28. The system of claim 23, wherein when the off-head state is confirmed, the headset is configured to automatically transition to a different power state after expiration of a timer.

29. The system of claim 23, wherein the display comprises a user interface to display an indication of the off-head status of the headset.

30. A system for off-head detection, comprising:

a detection system that performs signal processing on the feedforward microphone signal and the input audio signal to determine an estimated discrete transform of the driver output signal;

a processor of the detection system determining an actual discrete transformation of the driver output signal; and

a comparison circuit that compares the actual discrete transform and the estimated discrete transform and determines an off-head state when the actual discrete transform and the estimated discrete transform are determined to be sufficiently similar.

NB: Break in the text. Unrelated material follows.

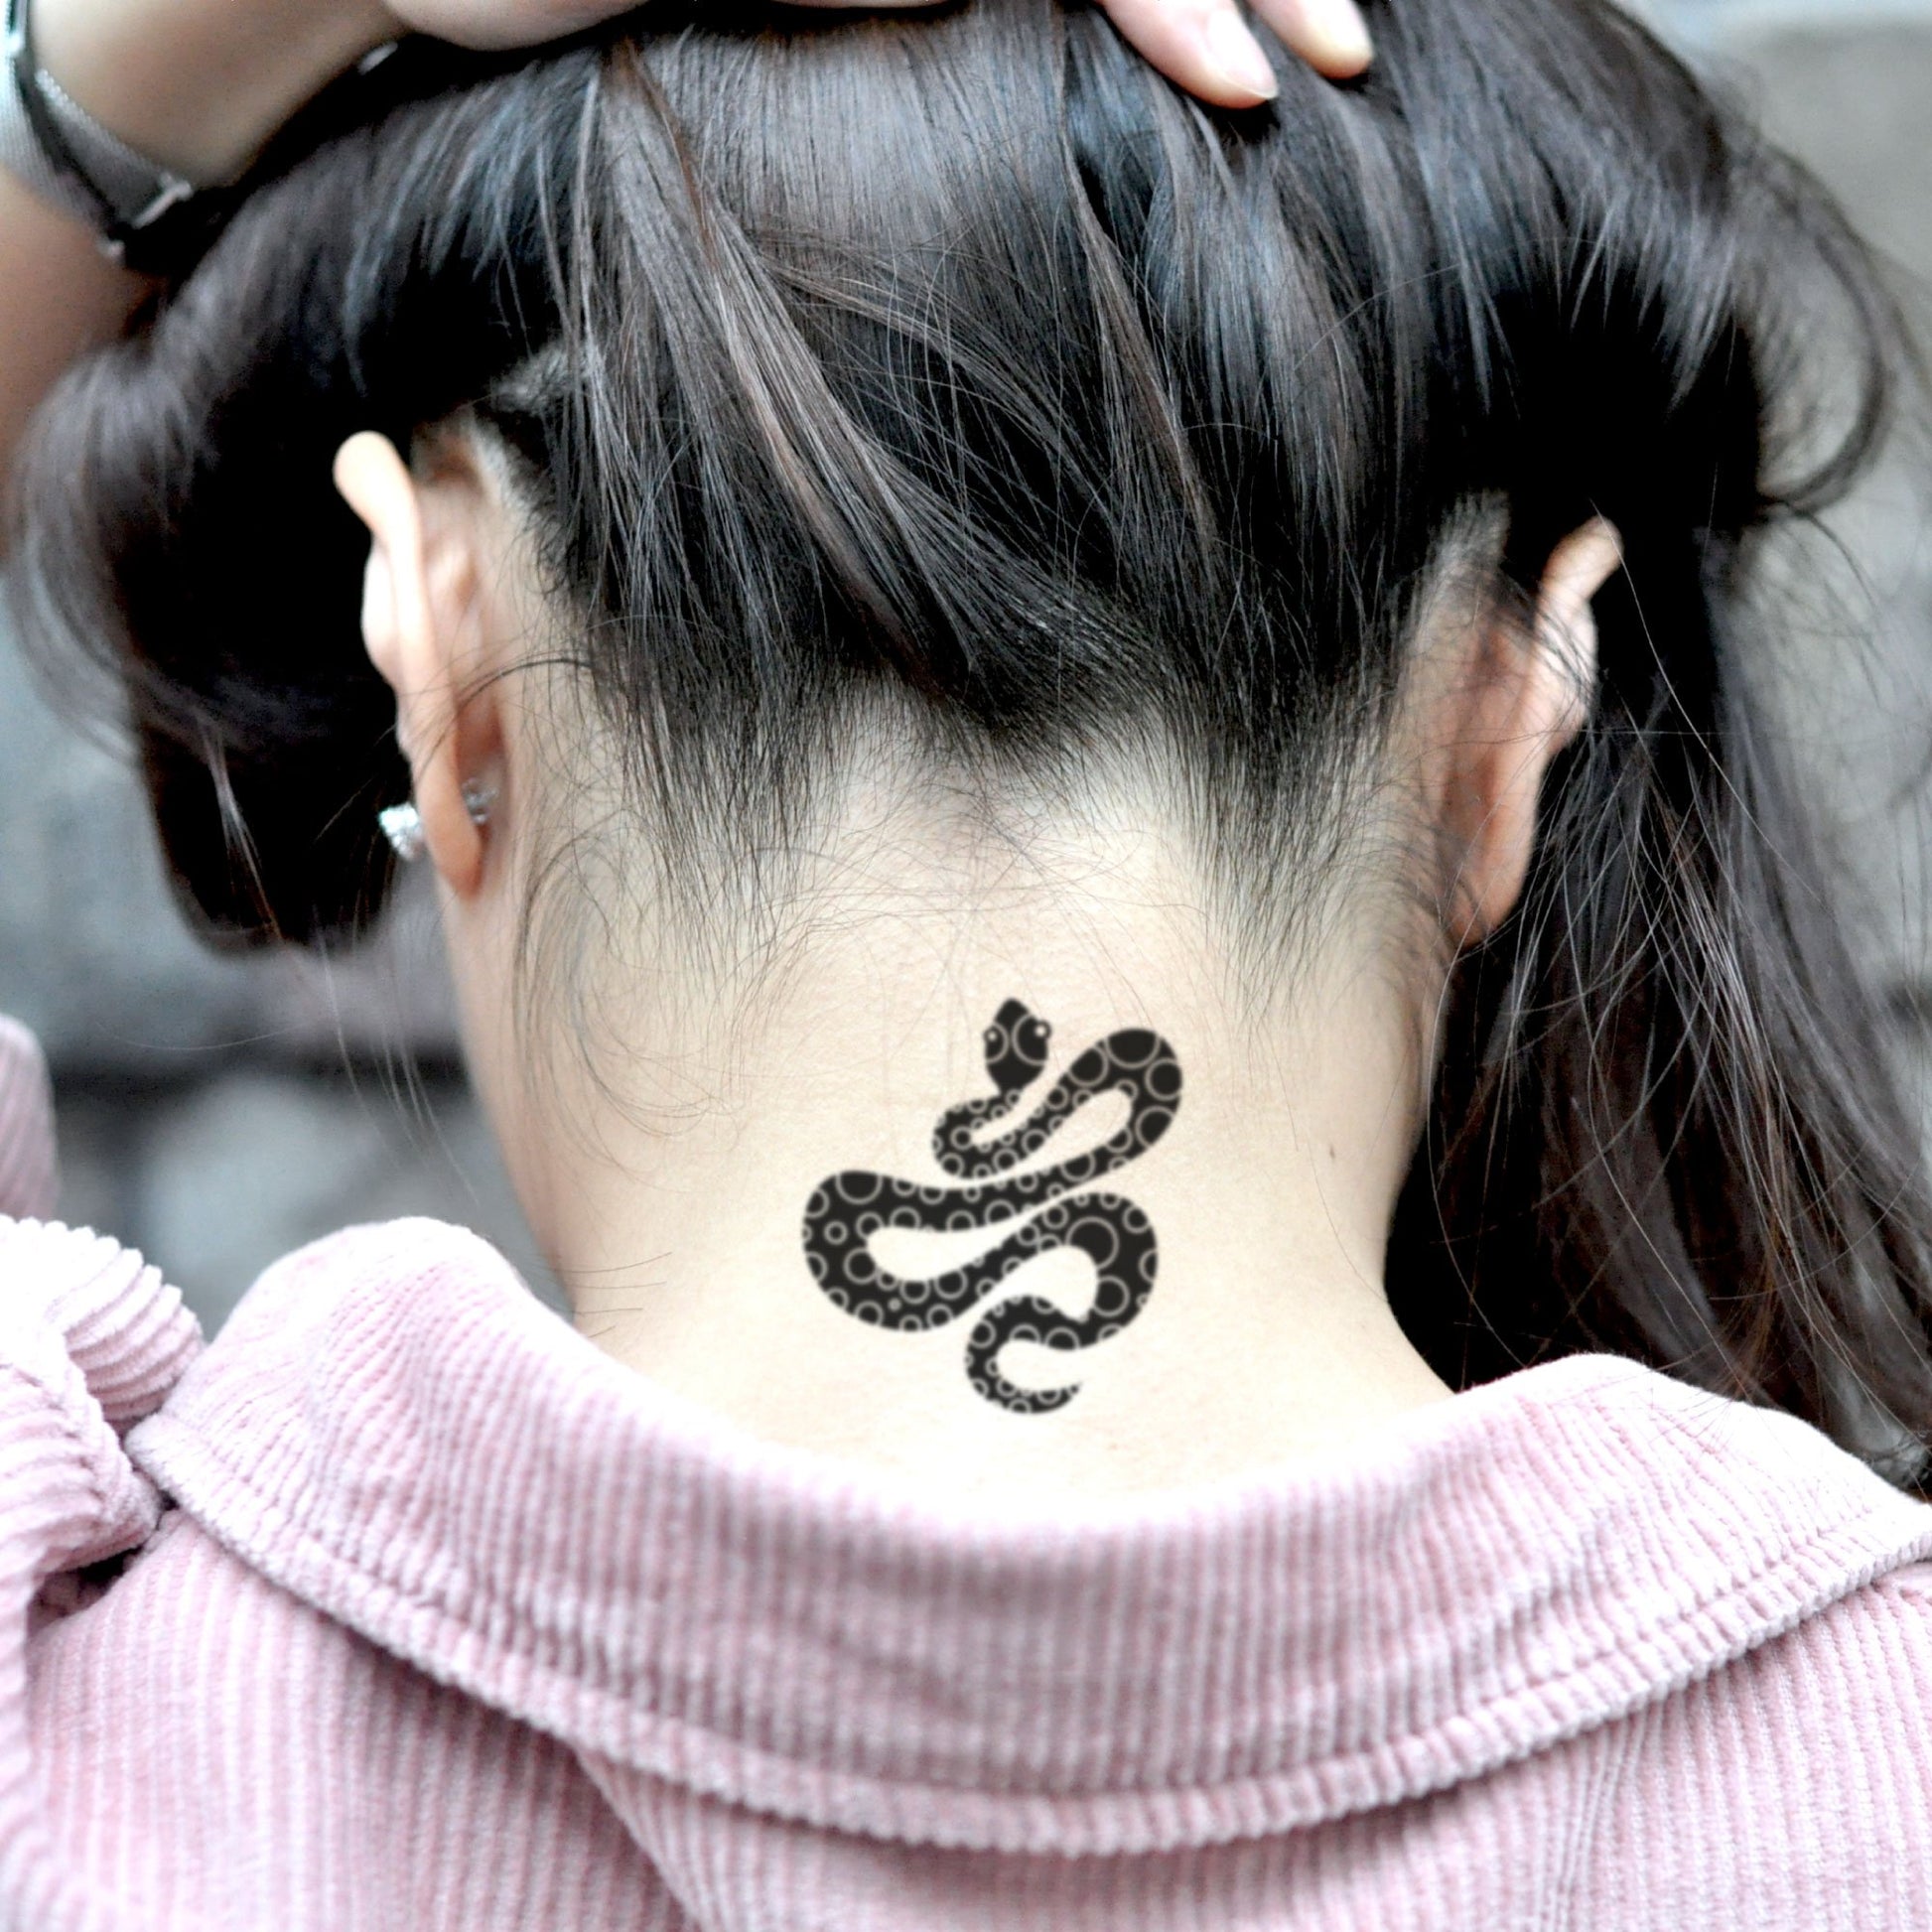 fake small simple snake cobra serpent animal temporary tattoo sticker design idea on neck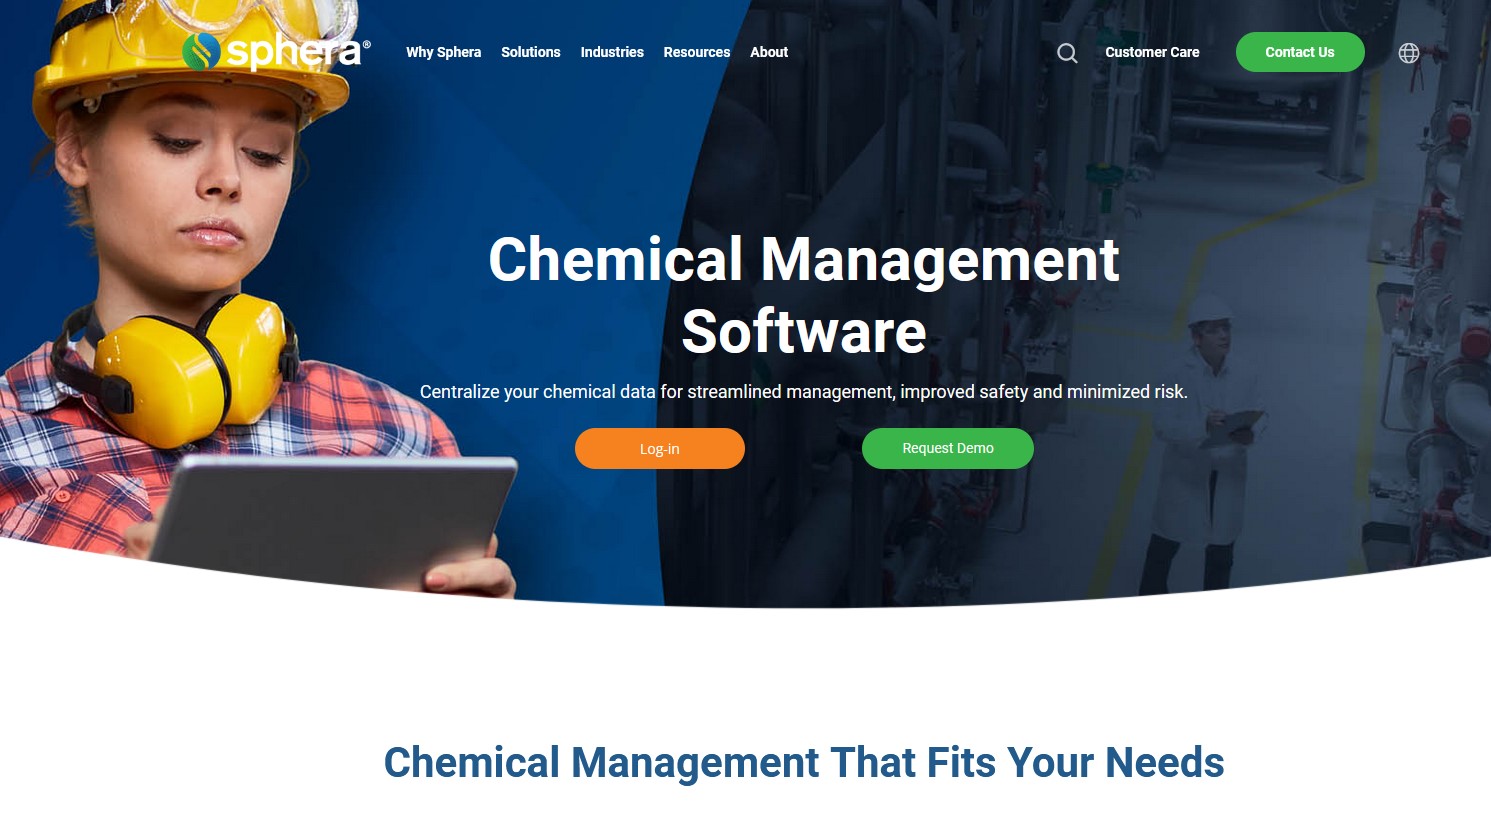 Sphera Chemical Management Software

31. The system of claim 30, wherein the detection system calculates a discrete fourier transform, DFT, for each of the driver output signal, the feedforward microphone signal, and the audio signal at a selected frequency at which a feedback ANR loop is effective.

32. An off-head detection system for a headset, comprising:

an expected output calculation circuit that predicts a value of the driver output signal based on a combination of: the audio signal, the feed-forward microphone signal, and off-head data generated according to an acoustic transfer function whose amplitude changes when the earpiece is removed from the ear; and

a comparison circuit that compares the observed output signal provided to the driver with the calculated expected output to determine an off-head state of the headset.

33. The off-head detection system of claim 32, wherein the input device comprises an Active Noise Reduction (ANR) circuit that processes a feedback microphone signal.

34. The off-head detection system of claim 33, wherein the ANR circuit processes both the feedback microphone signal and the feedforward microphone signal.

35. The off-head detection system of claim 34, wherein at least the comparison circuit is constructed and arranged as part of a Digital Signal Processor (DSP) that compares the driver output signal, the audio signal, and the feedback and feed-forward microphone signals to determine the off-head state of the headset.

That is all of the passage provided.